The women decided early on to study the portion that would have been theirs had the Holocaust not intervened.

It was very important to them, and thrilling for them, to match their sermons with their personal experiences, said Esther Abramowitz, Hillels Director for Student Life. When the women delivered their sermons at the ceremony, in front of friends and family, as much was clear. Many of them cried as they spoke, and much of the audience did, too.

Tzipora Feller, who spoke on the portion Lech Lecha, was born in Lodz, Poland, where she spent five years in the Ghetto. She was deported with her parents and four sisters to Auschwitz and later transferred to Theresienstadt; she was the only one in her family to survive.

Feller recalled the moment she and her mother were separated at Auschwitz and likened it to the Torah portion that would have been hers at her bat mitzvah: I ran after [my mother] and she pushed me back and told me to live and build a family. She compared this to "Lech Lecha", in which God commands Avraham to leave his home and begin anew in a foreign land. Like Avraham, she said, I built a family in Eretz Yisrael...and my family has grown and grown here.

The rows of wooden chairs in the large, dimly-lit auditorium—set across a gleaming lobby from the actual sanctuary--were filled with the families of the bat mitzvah women.

Indeed, this theme of family, both literally, and on a larger, Jewish-communal scale, was central to the event; bat mitzvah celebrations are traditionally family affairs, intergenerational coming-together celebrations.

The 45-minute ceremony was replete with the sermons of the bat-mitzvah women, as well as speeches by various Hillel executives, who used the opportunity to describe their own organization's feeling of success at having reached 13 years in Israel.
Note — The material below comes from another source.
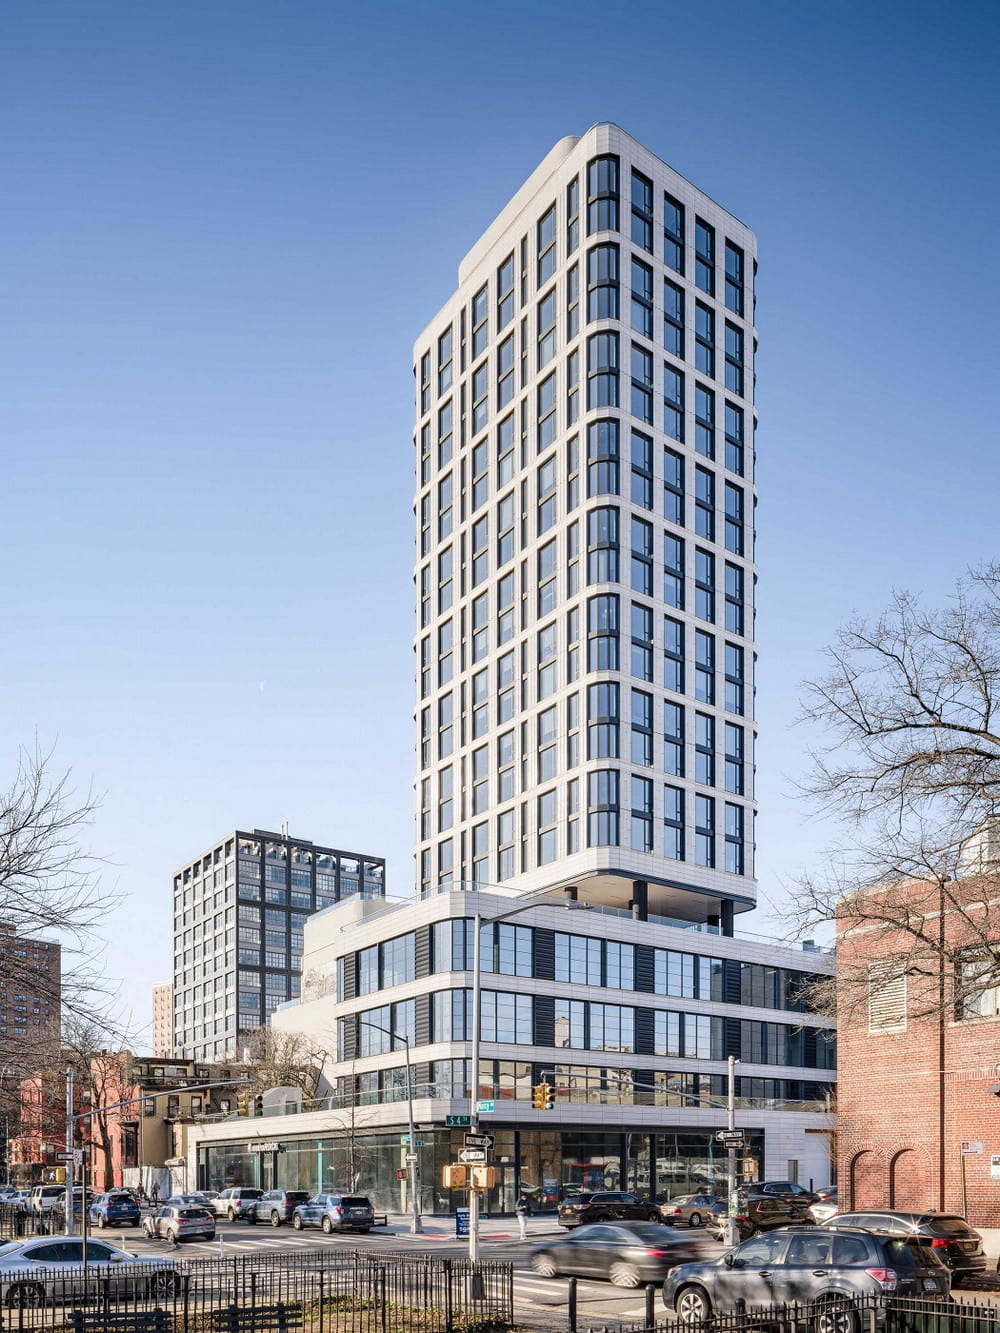 The Dime - A Contemporary Mixed-Use Tower by Fogarty Finger

This event was only one of many held this week to celebrate Hillels anniversary, including galas featuring singers Idan Raichel and Neshama Carlebach.

But Salomon-Michaeli emphasized that the Carrying the Torch bat mitzvah ceremony for these Holocaust survivors epitomized the organization's mission as it celebrated its 13th anniversary.

The ceremony was born out of a specific wish to give [the women] the opportunity to celebrate with their families and younger generations," she said, a wish bearing two objectives: "Embracing Holocaust survivors and reminding them we havent forgotten them and expos[ing] young adults to the beautiful and rich Jewish library of their heritage.

Nicole Walport, a law student who had helped the women prepare for the event, could not stop smiling as she watched the bat mitzvah unfold.

"To meet and know them, to cooperate with them, to be with them and learn from them--it was a wonderful learning experience," Walport said following the ceremony.

Working with the survivors had opened a door to Judaism for her, said Wolport, adding that for many years she had felt distant from this cultural heritage.

Ido, another student who volunteered to help the women prepare as part of Hillel's Respect and Remembrance program, said the experience was "inspiring" to him on a personal level in light of his upcoming wedding and the transition that meant for him as a Jew.

Rachel Edith Roth, the first of the bat mitzvah woman to speak at the ceremony, was equally as inspired by the turnout of so many young Jews.

How lovely it was to meet the youngsters, she said. And affirming that the days celebration was indeed an event to mark the unity of the Jewish people, she repeatedly referred to these young adults as her brothers and sisters.

The bat mizvah ceremony, she said, "proves we are one nation and that nobody can defeat us".